# Hapkido vs Injuries



## Brad Dunne (Oct 24, 2006)

An interesting thread on jumping, when to stop, has surfaced. This got me to thinking about not only jumping, but breakfalls and the like. This will be a two part question. Number 1) Do you feel that folks can/should continue Hapkido training if they can't or should not do breakfalls any longer? Now the second question, if you said yes they should continue, then how or what would you modify for them to continue their training?


----------



## Brian R. VanCise (Oct 24, 2006)

Brad Dunne said:


> An interesting thread on jumping, when to stop, has surfaced. This got me to thinking about not only jumping, but breakfalls and the like. This will be a two part question. Number 1) Do you feel that folks can/should continue Hapkido training if they can't or should not do breakfalls any longer? Now the second question, if you said yes they should continue, then how or what would you modify for them to continue their training?


 
Well if you cannot take breakfall, rolls, etc. anymore you can still take people down.  This just requires that you have someone willing to take the falls for you.  I have several students that are in this position.  One is 81 years old and when I teach him I will show him what to do and then have him apply it on me.  He has been training for over six years with me and is fantastic at what he does.


----------



## Drac (Oct 24, 2006)

Brian R. VanCise said:


> Well if you cannot take breakfall, rolls, etc. anymore you can still take people down


 
Amen Brian...When Father Greek and I attend a seminar we will both go down a few times after that we will go to the point of dropping each other and stop..This growing old is a pain..


----------



## Brian R. VanCise (Oct 24, 2006)

When I have an injury and cannot fall then that is definately the way to go.  No need to hurt yourself more.


----------



## Drac (Oct 24, 2006)

You outta see us after a Dan-Bong class..


----------



## zDom (Oct 25, 2006)

Brad Dunne said:


> Do you feel that folks can/should continue Hapkido training if they can't or should not do breakfalls any longer? Now the second question, if you said yes they should continue, then how or what would you modify for them to continue their training?



Yea, there are ways to work around for someone like that as mentioned above.

The modifications would be: they are not to fall or be used by a partner for "fits" as there is the risk of an unintentional throw (partner takes fit too far, loses control, drops them by accident).

This, of course, requires partnering them up with someone who is willing to be fitted/thrown without having a turn at fitting/throwing them back.

IMO, this is really only an option for someone who already has a vested interest in hapkido. That is, they have already been thrown in the past, which is kind of implied in the way you stated the scenario ("can't or should not do breakfalls *any longer*").

As for a new student who is unable to fall? Well, I would probably advise them to take another martial art that doesn't require breakfalling.

It is important in learning throws to experience being thrown, IMO, and not fair to other students to let someone new come in and throw them around without doing some falling of their own.

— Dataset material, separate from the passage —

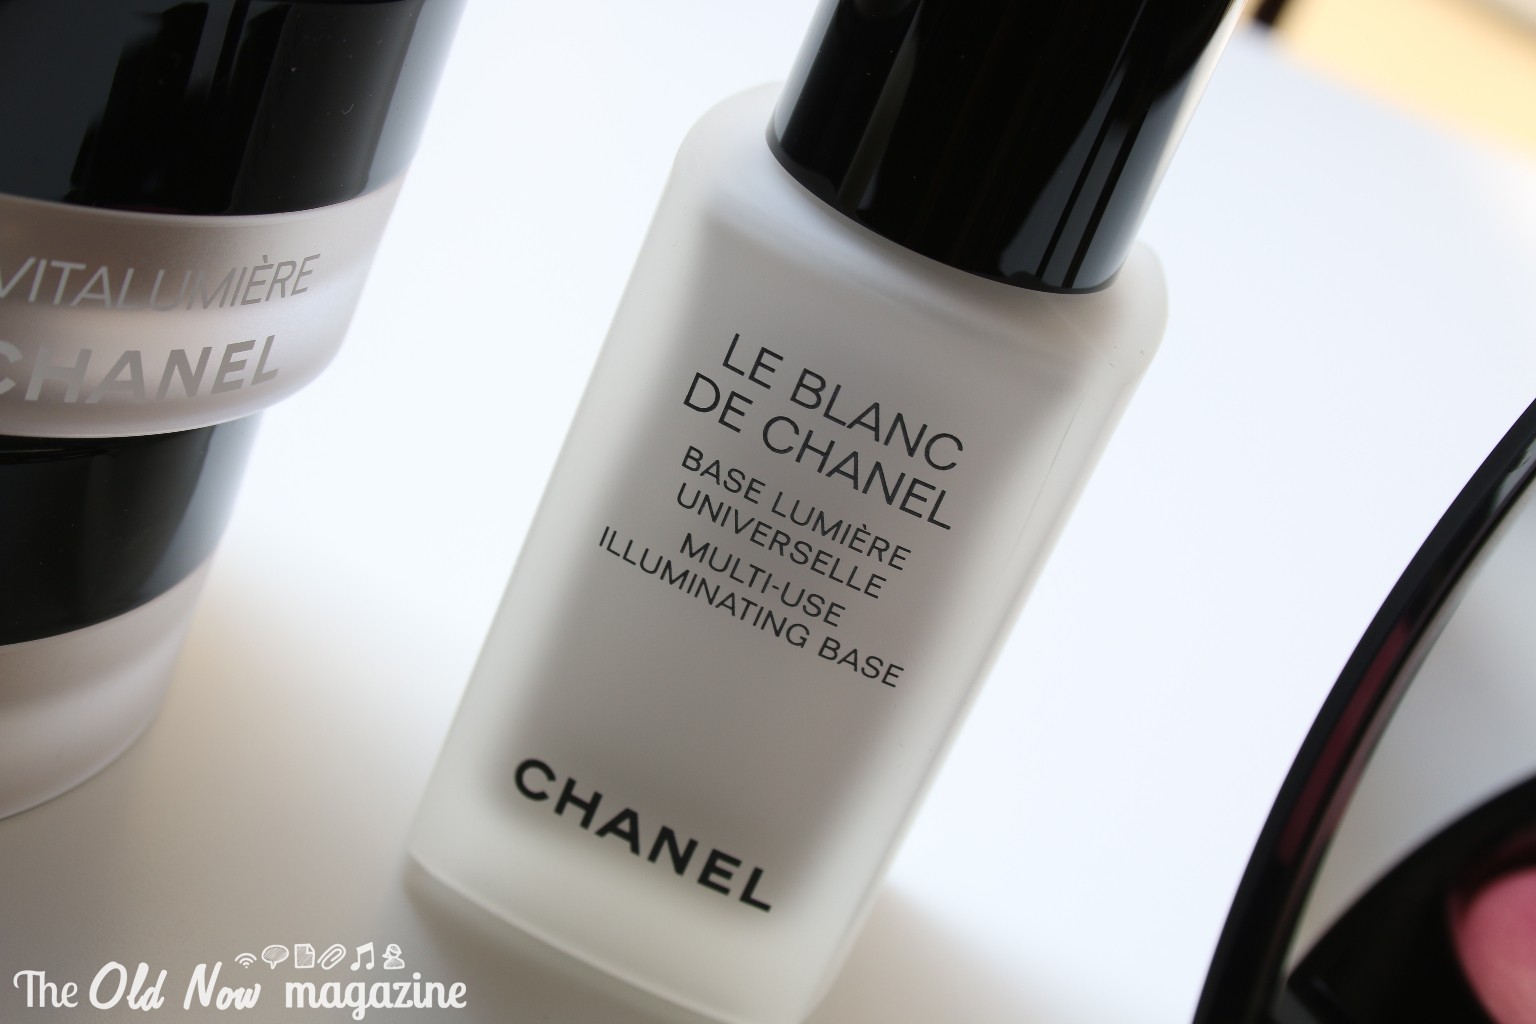 CHANEL  Le blanc de Chanel THEOLDNOW (6)

We have two students I worked out with for many years, one a brown belt and the other a red belt, who I would be quite willing to let throw me around without taking any falls for me because neither is able to fall anymore (one due to a back problem, the other due to a neck problem).

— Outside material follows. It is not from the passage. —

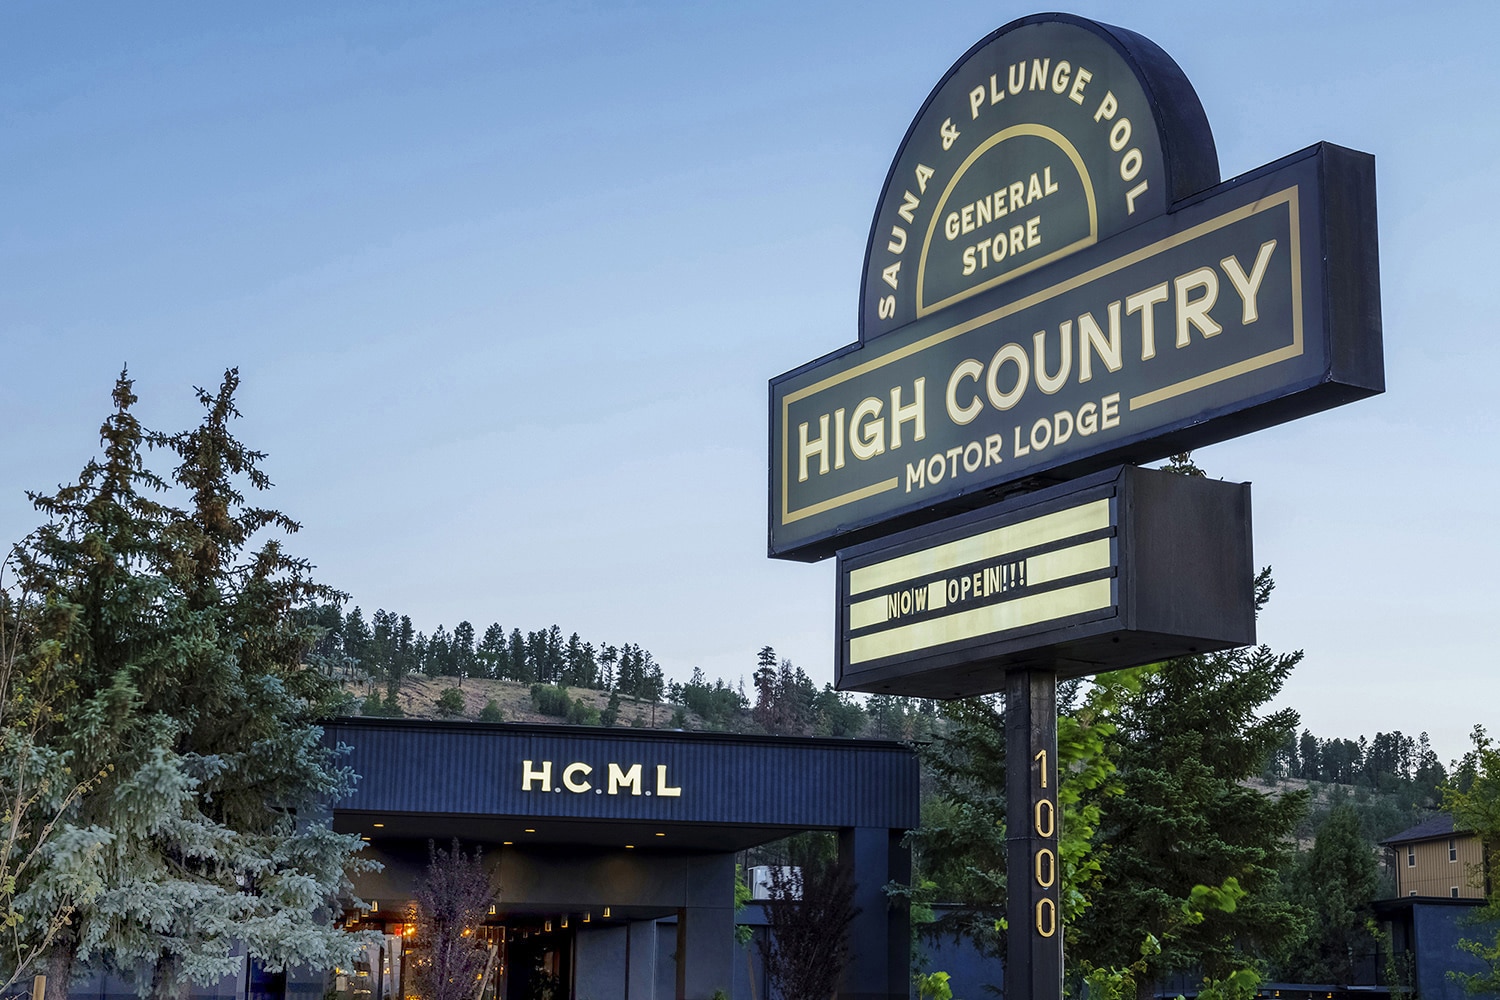 High Country Motor Lodge

Even though they are unable to fall, I really wish they would come back -- they have so much invested and I would like to see them at least get chodan. What I would really like is for them to just continue on and work around not being able to fall. Sad to see them drop out like that


----------



## Drac (Oct 25, 2006)

zDom said:


> We have two students I worked out with for many years, one a brown belt and the other a red belt, who I would be quite willing to let throw me around without taking any falls for me because neither is able to fall anymore (one due to a back problem, the other due to a neck problem).
> 
> Even though they are unable to fall, I really wish they would come back -- they have so much invested and I would like to see them at least get chodan. What I would really like is for them to just continue on and work around not being able to fall. Sad to see them drop out like that


 
ALL teachers should have your compassion zDom..Give these students a call and TELL THEM what you told us..Sometime hearing it from a teacher makes a world of difference..


----------



## matt.m (Oct 25, 2006)

I retired from judo 1st and hapkido 2nd and most recently due to the inability to do the cirriculum.  I do not think it fair or expect others to make exception for me in that regard.  Sorry, just my personal opinion.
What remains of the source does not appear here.